If a mistake persists, after the sequence is added, try: http://www.ncbi.nlm.nih.gov/Genbank/update.html
It gave a link which I used to change/update my ethnicity from just plain Caucasian.
dp :-)

Huntergatherer1066
01-14-2015, 11:28 PM
If a mistake persists, after the sequence is added, try: http://www.ncbi.nlm.nih.gov/Genbank/update.html
It gave a link which I used to change/update my ethnicity from just plain Caucasian.
dp :-)

Thanks for the tip. So far so good though, the first time around I accidentally attached the .txt version of the fasta instead of the .sqn verison.

Petr
01-15-2015, 12:30 AM
Does anybody know if this way of mtDNA submission to NCBI still works?

https://my.familytreedna.com/personal-survey.aspx

vettor
01-15-2015, 12:59 AM
Does anybody know if this way of mtDNA submission to NCBI still works?

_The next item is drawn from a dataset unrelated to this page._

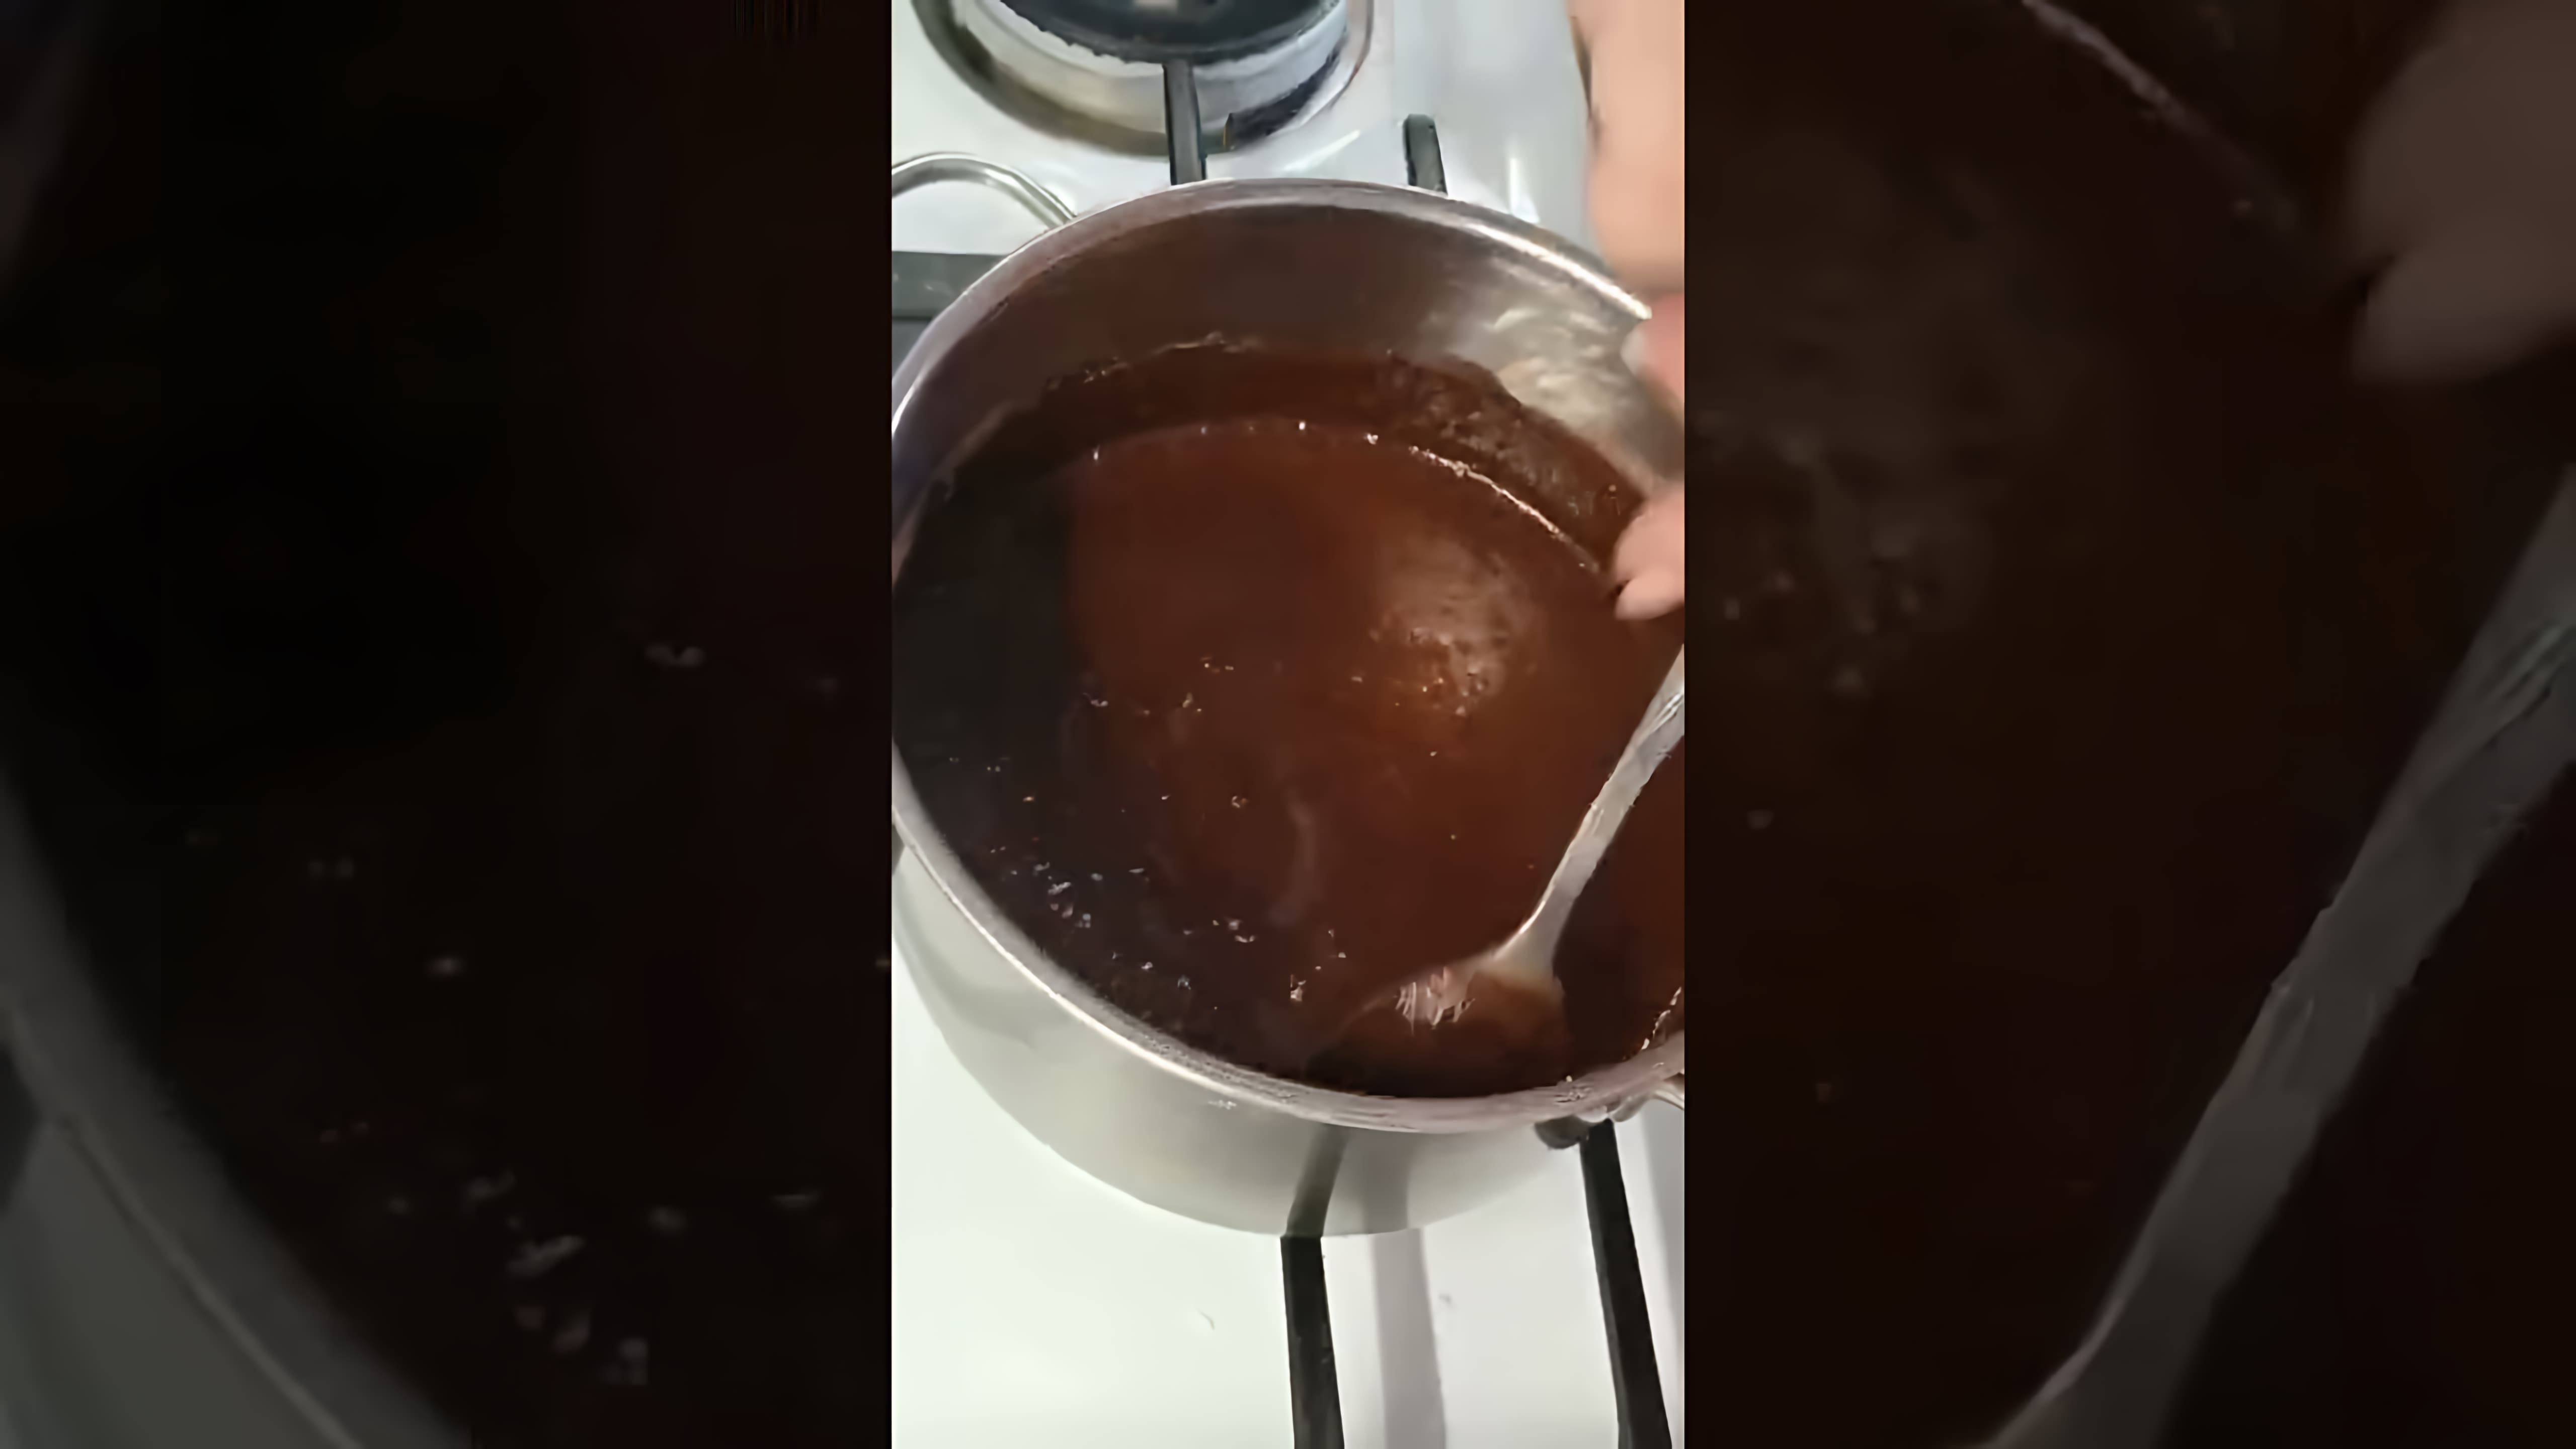 Видео рецепт приготовления шоколадной глазури для покрытия выпечки, такой как торты, пончики и другие сладости

https://my.familytreedna.com/personal-survey.aspx

for me , that way did not work

i got access via ian Logan site and also got help from James Lick

BTW, it took 6 months for mine to be done

Huntergatherer1066
01-24-2015, 12:24 AM
My submission is searchable on GenBank as of today, so I guess that makes for a 10 day turn around for anyone keeping track.

Huntergatherer1066
04-24-2015, 04:50 PM
This is more just to keep track for myself but I just submitted my father's FMS, he is an H13a1a1a so much more common than myself, but he has no exact matches in the FTDNA database so he may still be useful.

Baltimore1937
04-24-2015, 06:45 PM
PhyloTree uses me as an example on their chart, for all to see. So I hope FTDNA did an accurate test for me (and for science).